When we have a mission , First Put it in our blocking queue , Then the thread pool judges , When the task queue is not empty , We will wake up the corresponding thread for task processing , After processing the task, if there are still tasks in the task queue, continue to process the task , Until all tasks are processed and out of the queue , Our thread enters the waiting state again .

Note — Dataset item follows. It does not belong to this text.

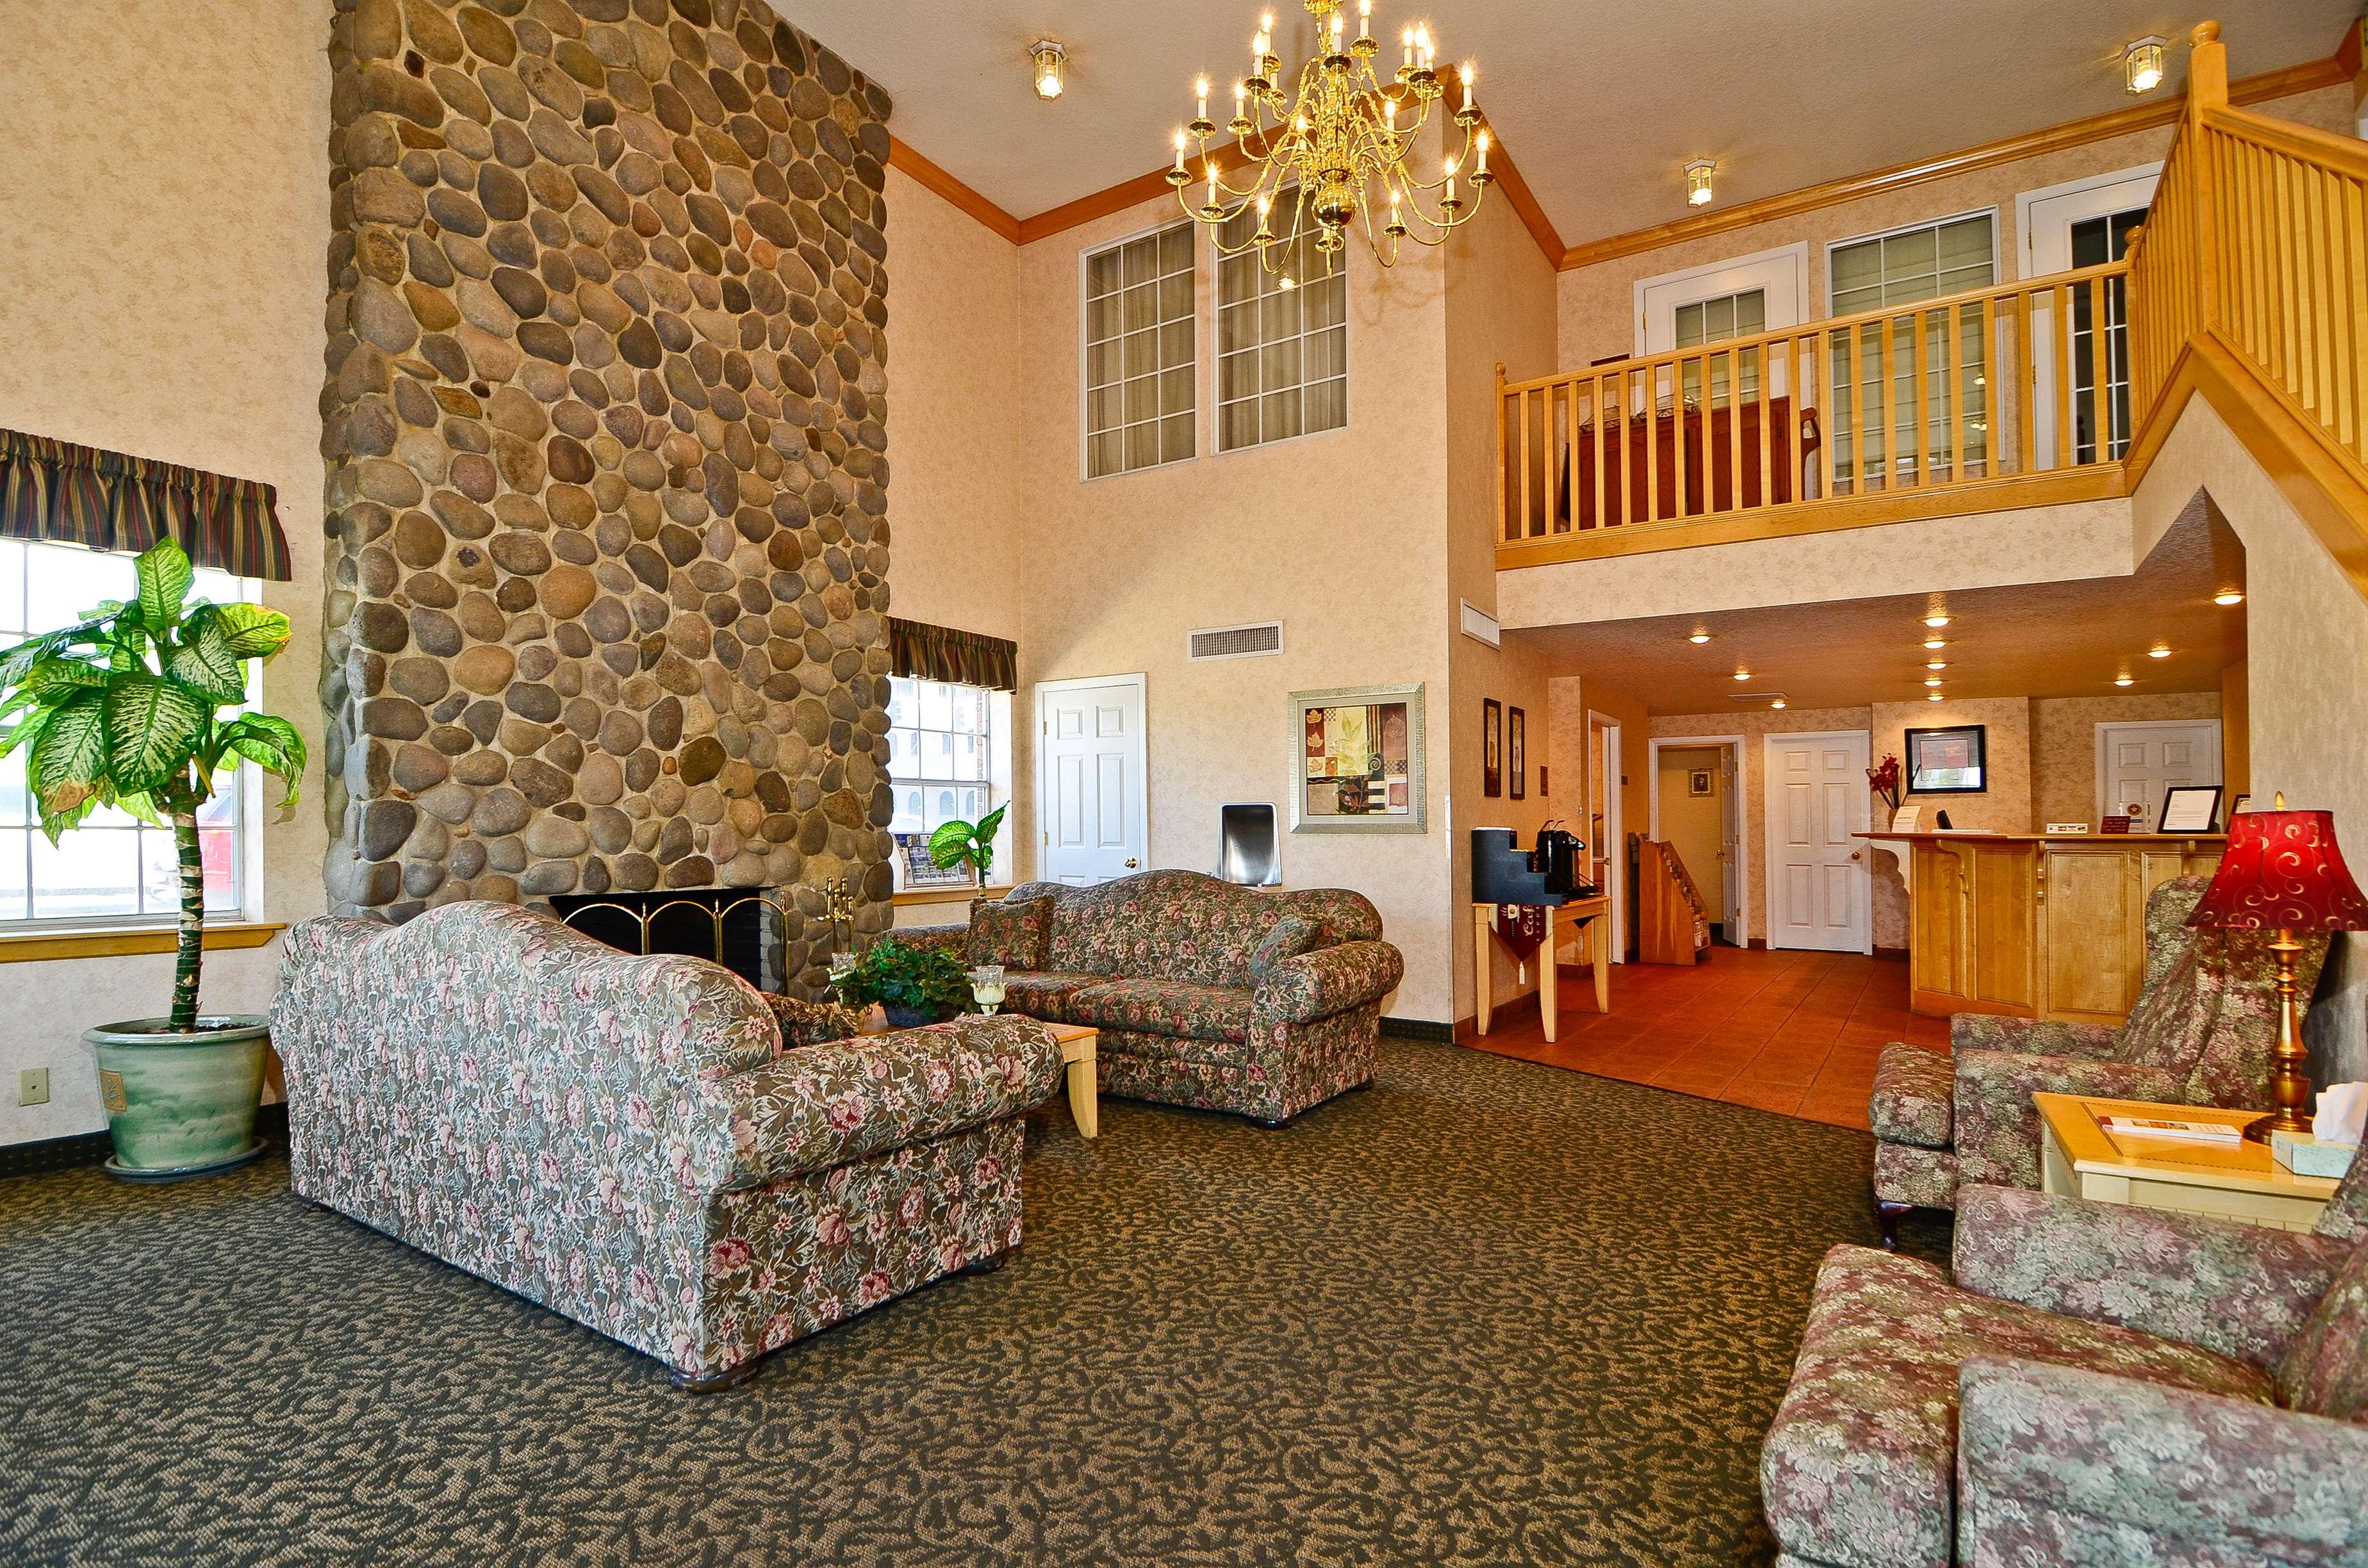 Best Western Horizon Inn image 41
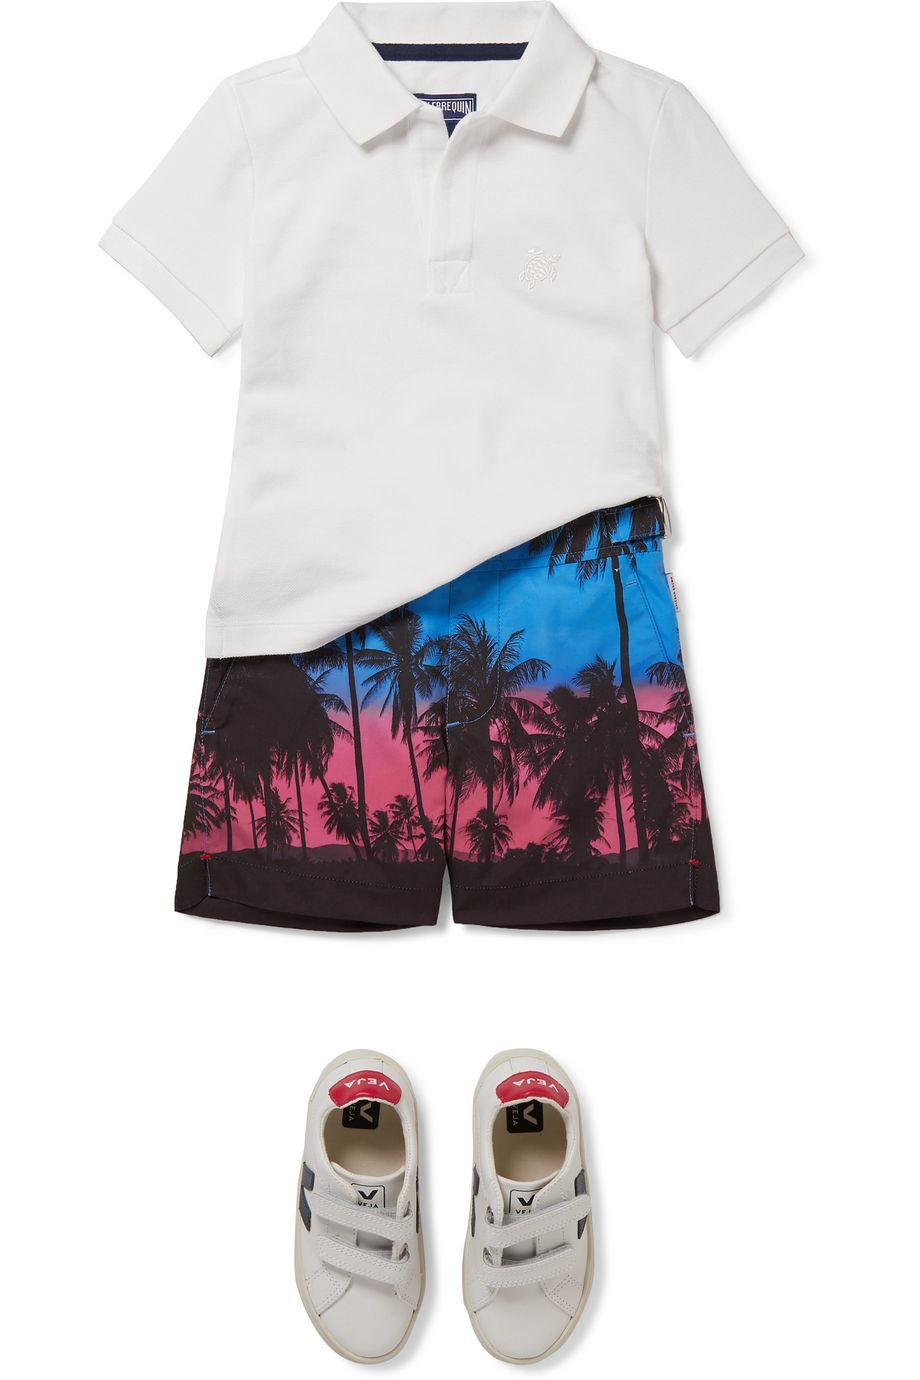 Orlebar Brown Kids Russell printed swim shorts

Here attached Gitee link :web Server project
边栏推荐
- Database table cannot add content display modification cannot save prompt 1452 error
- Dynamic programming / memo method n's K splitting n's maximum addend K splitting
- Template_ Gauss elimination
- Jsnpp框架的全链式语法初探
- 价值600的抖音云蹦迪直播间项目,靠直播打赏收益的风口项目源码
- Exploration and best practice of automatic verification of object acquisition technology
- 飞书要不要做生态?剖析第一家 All in 飞书的独立 SaaS 案例
- disable_ function_ Bypass 2019 geek challenge rce_ me
- Exporter les connaissances pertinentes
- 杰理之SPI主机【篇】
猜你喜欢

Problems and solutions in using renrenfast

Navicat tool batch imports JSON format data to Doris

Using redis in business code to achieve caching effect

价值600的抖音云蹦迪直播间项目,靠直播打赏收益的风口项目源码

The 600 yuan Tiktok cloud bouncing Di live studio project is the source code of the tuyere project that rewards the income from live broadcasting

Go Technology Daily (June 7, 2022) - go programmer development efficiency artifact summary

How does the technical leader bring down a team?

Redis cluster setup

CVE-2020-3187

Docker installation redis
随机推荐
Rcgi column - region of Overseas Social Market Research (including lottery)
Backup and restore methods of MySQL database
From the ECS SSRF vulnerability to taking over your alicloud console
Jerry: if the user doesn't need to use all the keys, how should other keys be set? [chapter]
ClassNotFoundException vs NoClassDefFoundError
S series · add data to the text file without adding duplicate values
Embracing out of hospital prescription drugs, Internet medicine should also "get rid of virtual reality"?
Jerry's SPI host [chapter]
【网络协议】| 【01】网络字节序大端、小端
Blue Bridge Cup_ Frog date_ Extended Euclid
(10.3)【隐写缓解】隐写防护、隐写干扰、隐写检测
Basic principle of digital circuit adder (I)
I'm sorry if I don't understand. The final battle
C# 类和对象
Mysql database subquery
disable_ function_ Bypass 2019 geek challenge rce_ me
[suctf 2018]multisql MySQL preprocessing
SQLite3 syntax (1)
pkg-config --modversion opencvPackage opencv was not found in the pkg-config search path.Perhaps y
What is a security tag based access control mechanism? What are the characteristics?